Nick grimaced. “Thirteen years in, knight-archivarius. She wasn’t one of mine. She came down from Wolf’s Head specifically to determine if the earring can be moved to the HQ vault. She had a sterling reputation. She went into the Vault to examine it. A knight-defender escorted her. Three hours later Maxine went to check on them. Binek had activated one of the artifacts in the vault, incapacitated the knight, and taken off.”
“What did she use?” I asked.
“An iron mask. He spent two hours thinking he was trapped in a slave ship. He’d ripped half of his nails out trying to break through the walls.”

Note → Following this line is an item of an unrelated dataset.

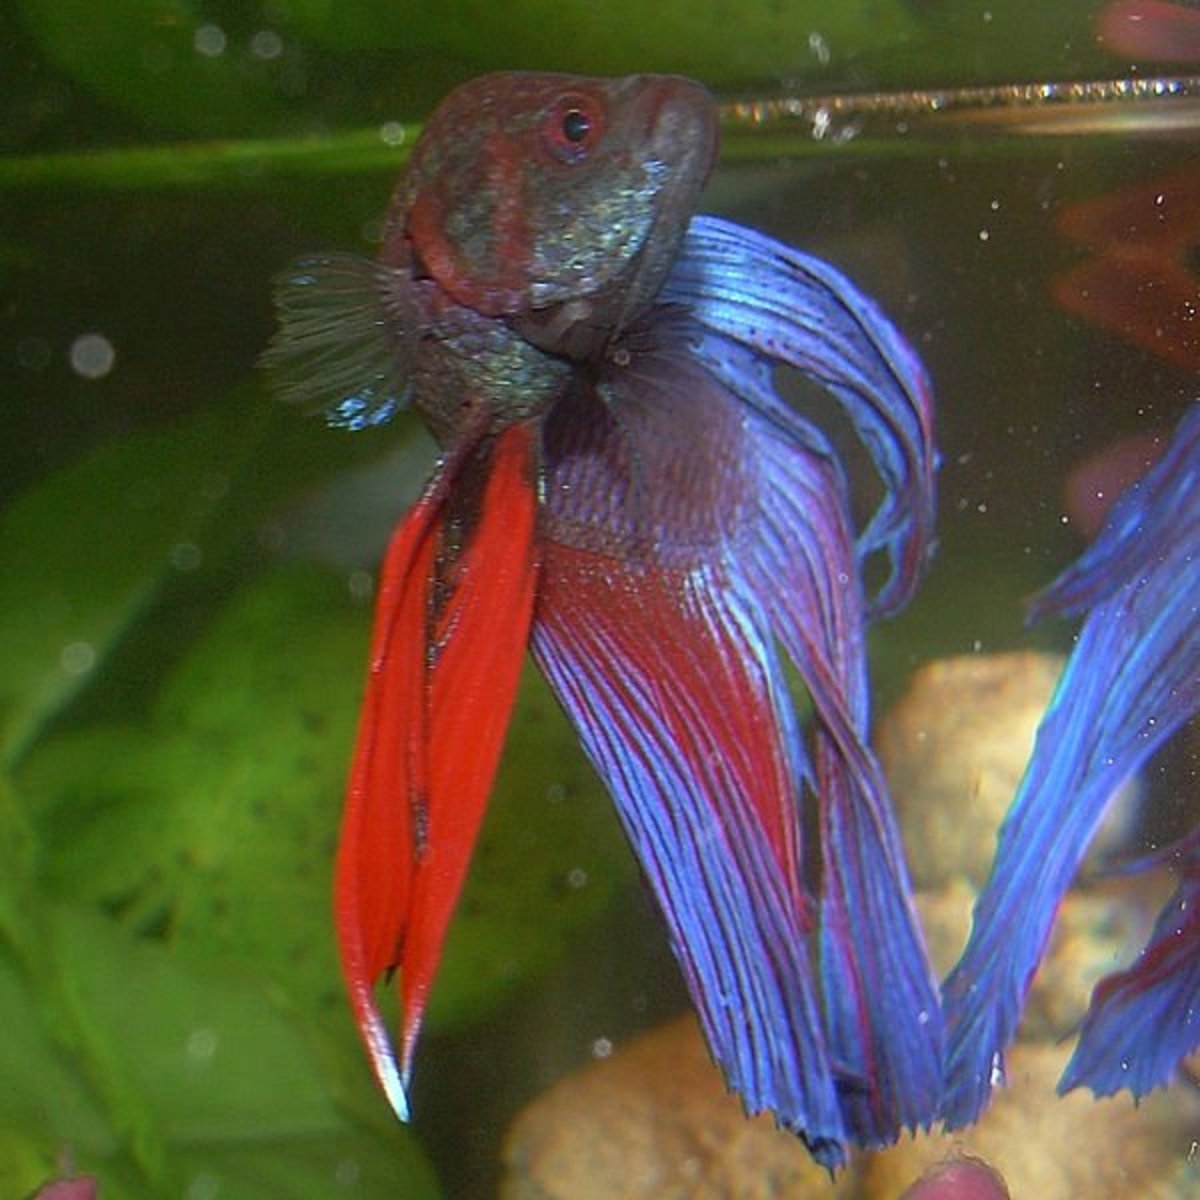 Do Betta Fish Need a Heater and Filter in Their Tank

Knights-archivarius were specifically trained to handle dangerous magic objects. This woman would’ve had all of the training, she would’ve evaluated hundreds of artifacts over the years, and she would’ve taken every precaution. This wasn’t good. We had to get to the djinn before she made her wishes and transformed. The amount of destruction he could unleash with her body would be catastrophic.
“My turn,” Luther said. “I analyzed your glass sample. It’s sand that has been cooked by very high heat. The sand contains concrete dust, so it was likely part of a building, and magically charged algae. It doesn’t look like algae got into the concrete and sand naturally. It appears the algae has been deliberately mixed into it.”
That was what those in our business called a clue or potentially a gift from above. How many buildings in Atlanta could have magic algae in them? I was betting not that many. I got up and dialed Raphael’s number.